**Exercise brief:** Aside from the pictures, copy the listing exactly.

**Given data:**
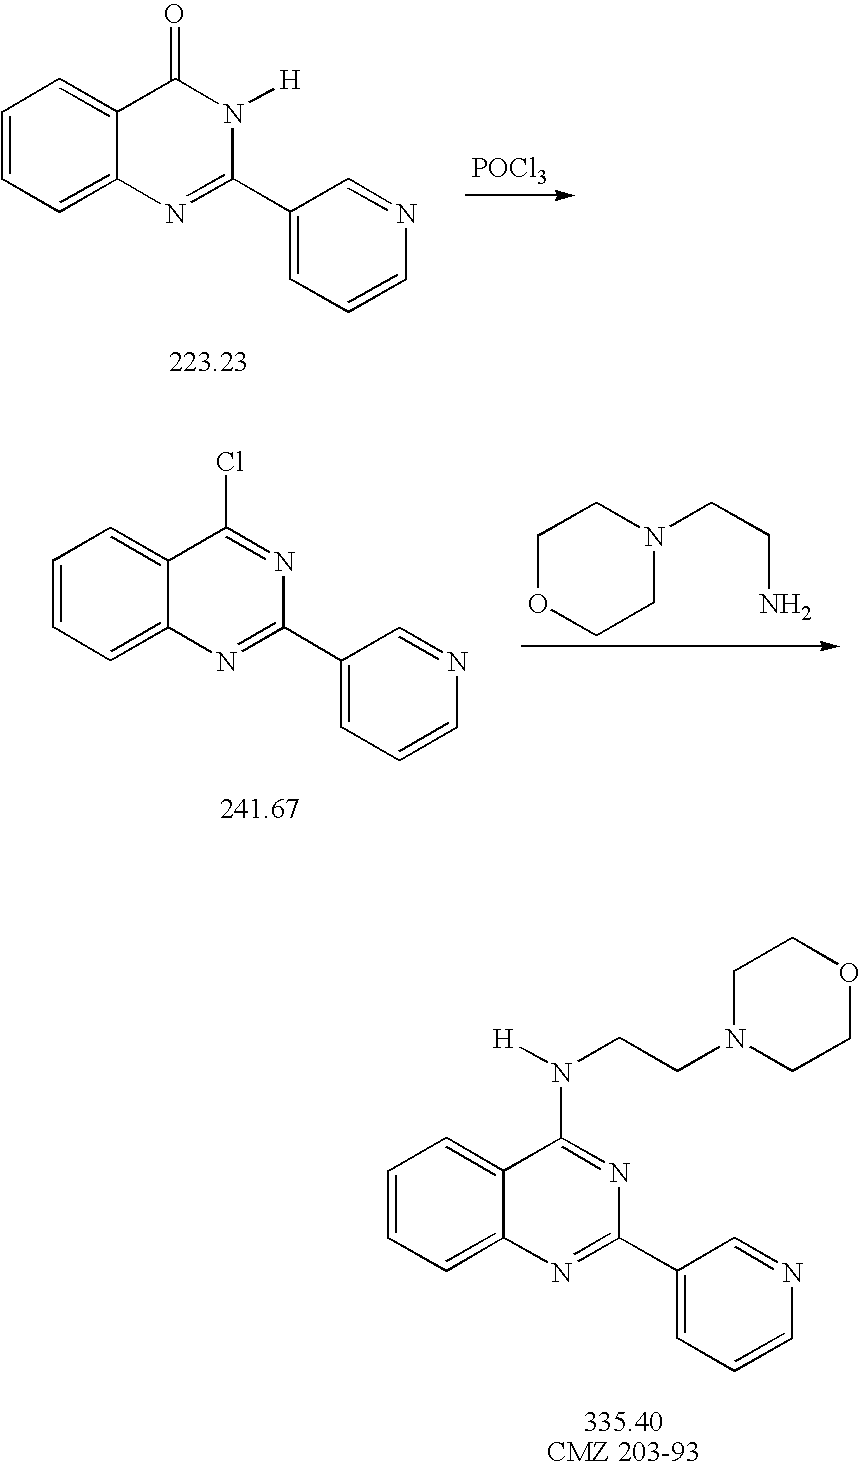 Figure US20070232622A1-20071004-C00327
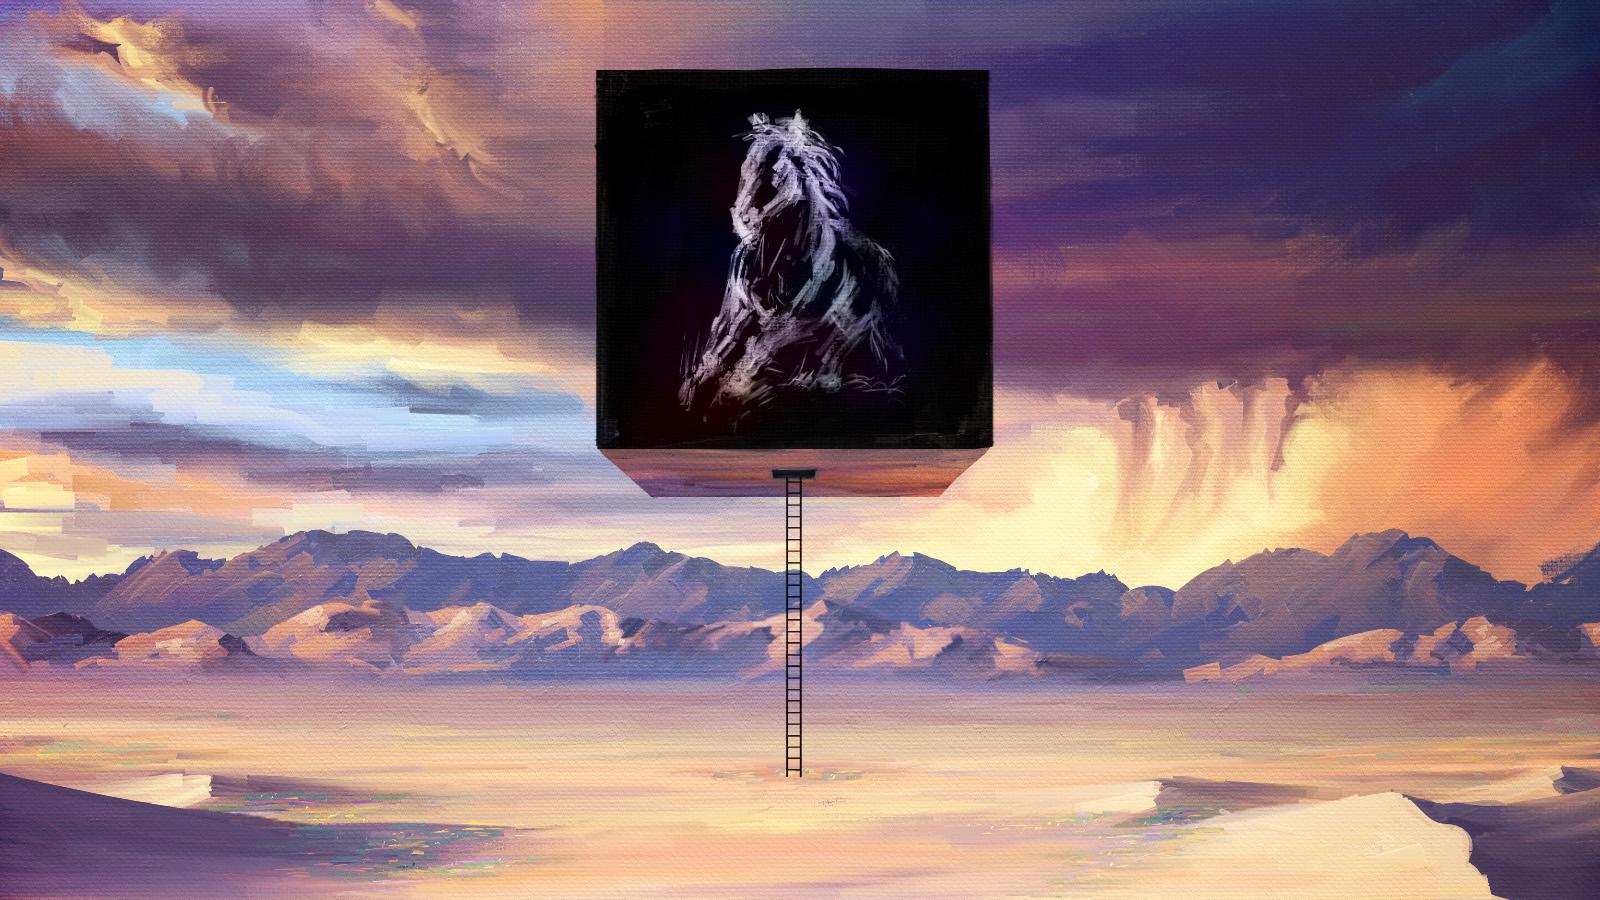 Desert, Cube, Ladder, Horse, Flowers, Storm
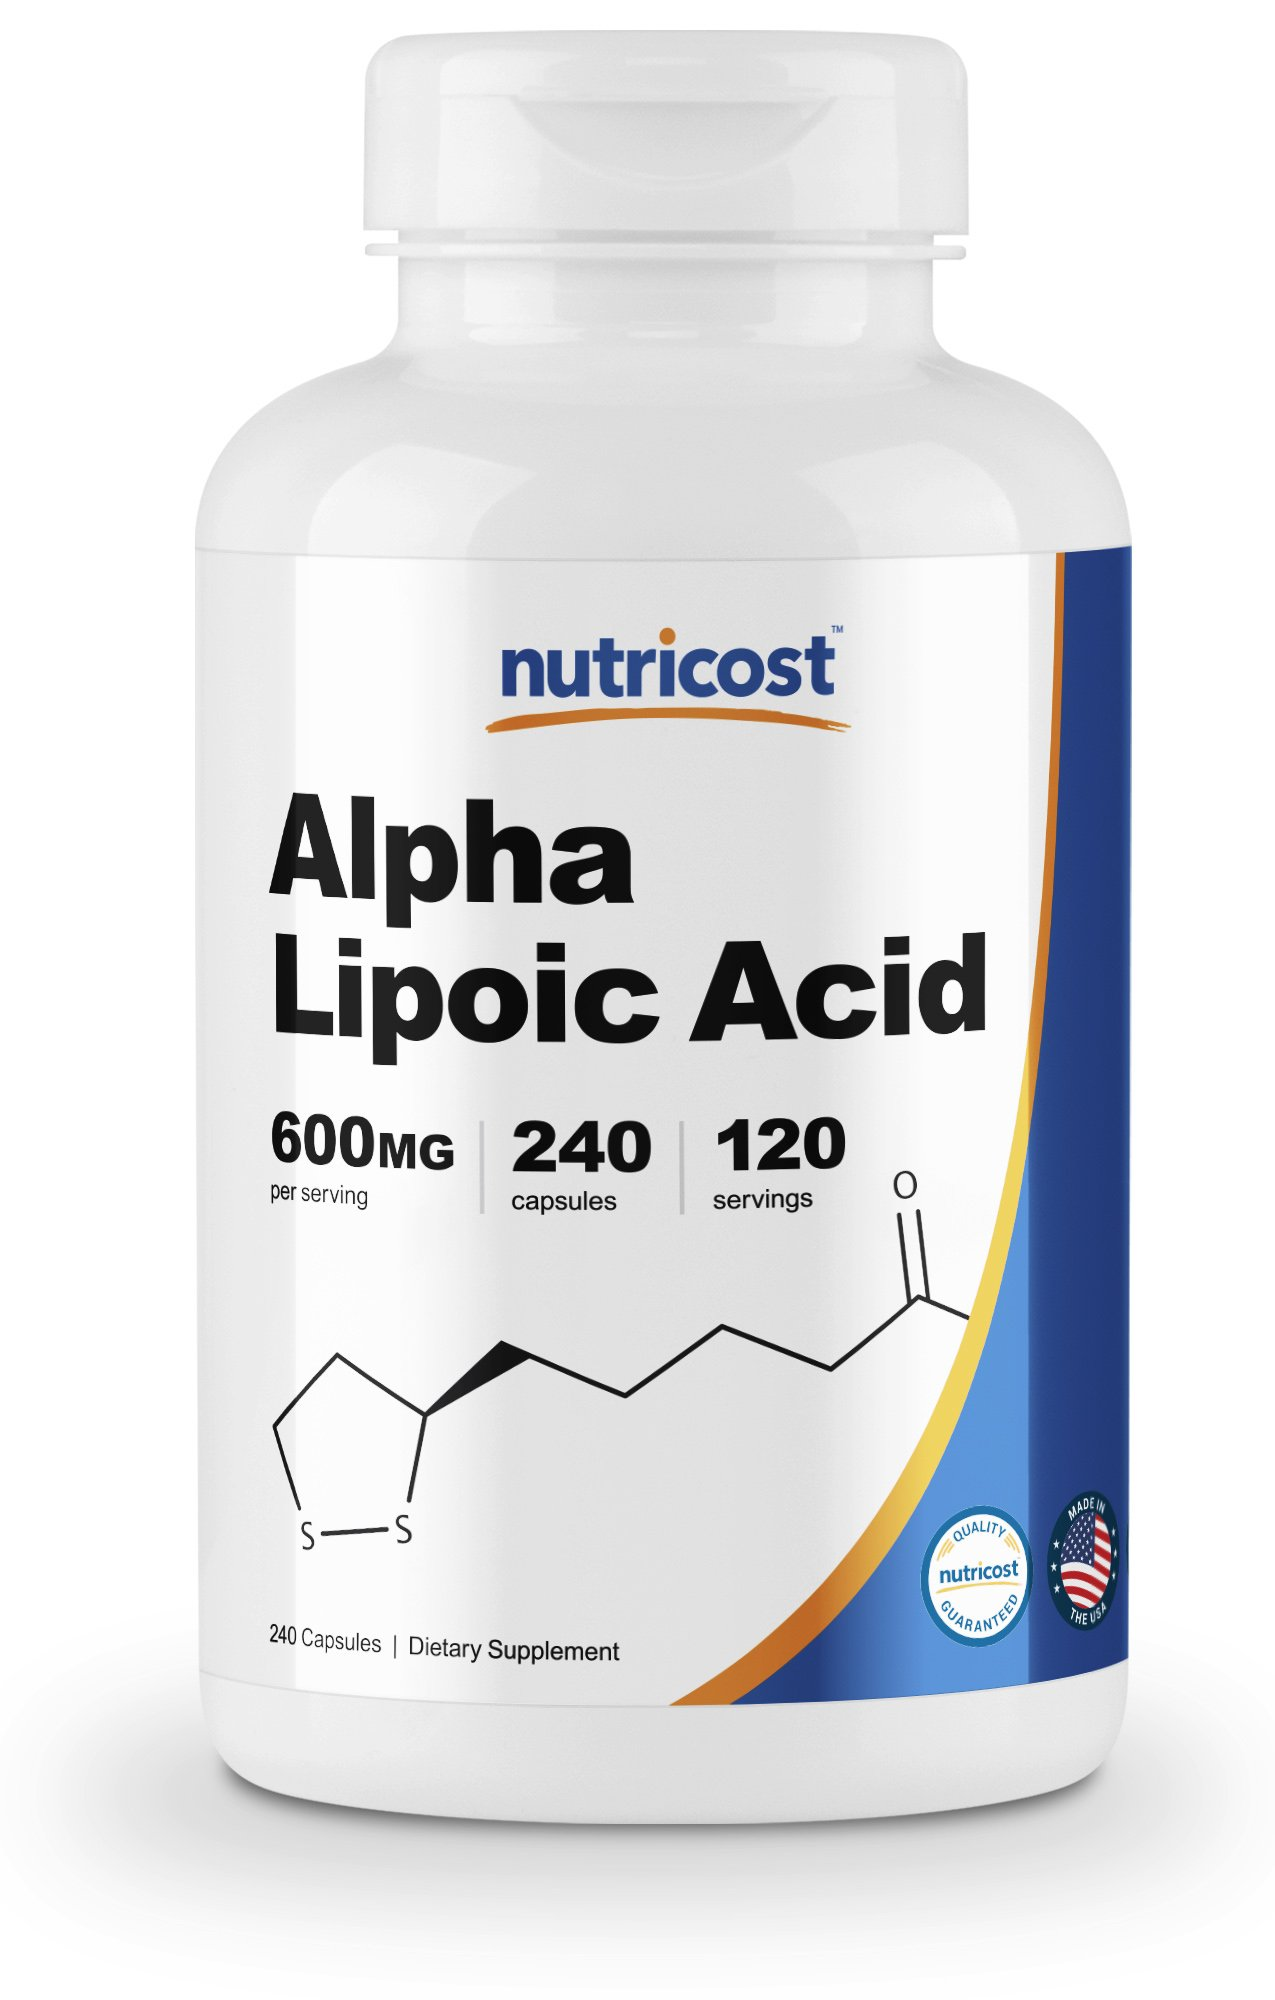 Nutricost Alpha Lipoic Acid - 600mg Per Serving - 240 Capsules - Gluten Free & Non-GMO

**Solution to this task:**
 Figure US20070232622A1-20071004-C00327
 Desert, Cube, Ladder, Horse, Flowers, Storm
 Nutricost Alpha Lipoic Acid - 600mg Per Serving - 240 Capsules - Gluten Free & Non-GMO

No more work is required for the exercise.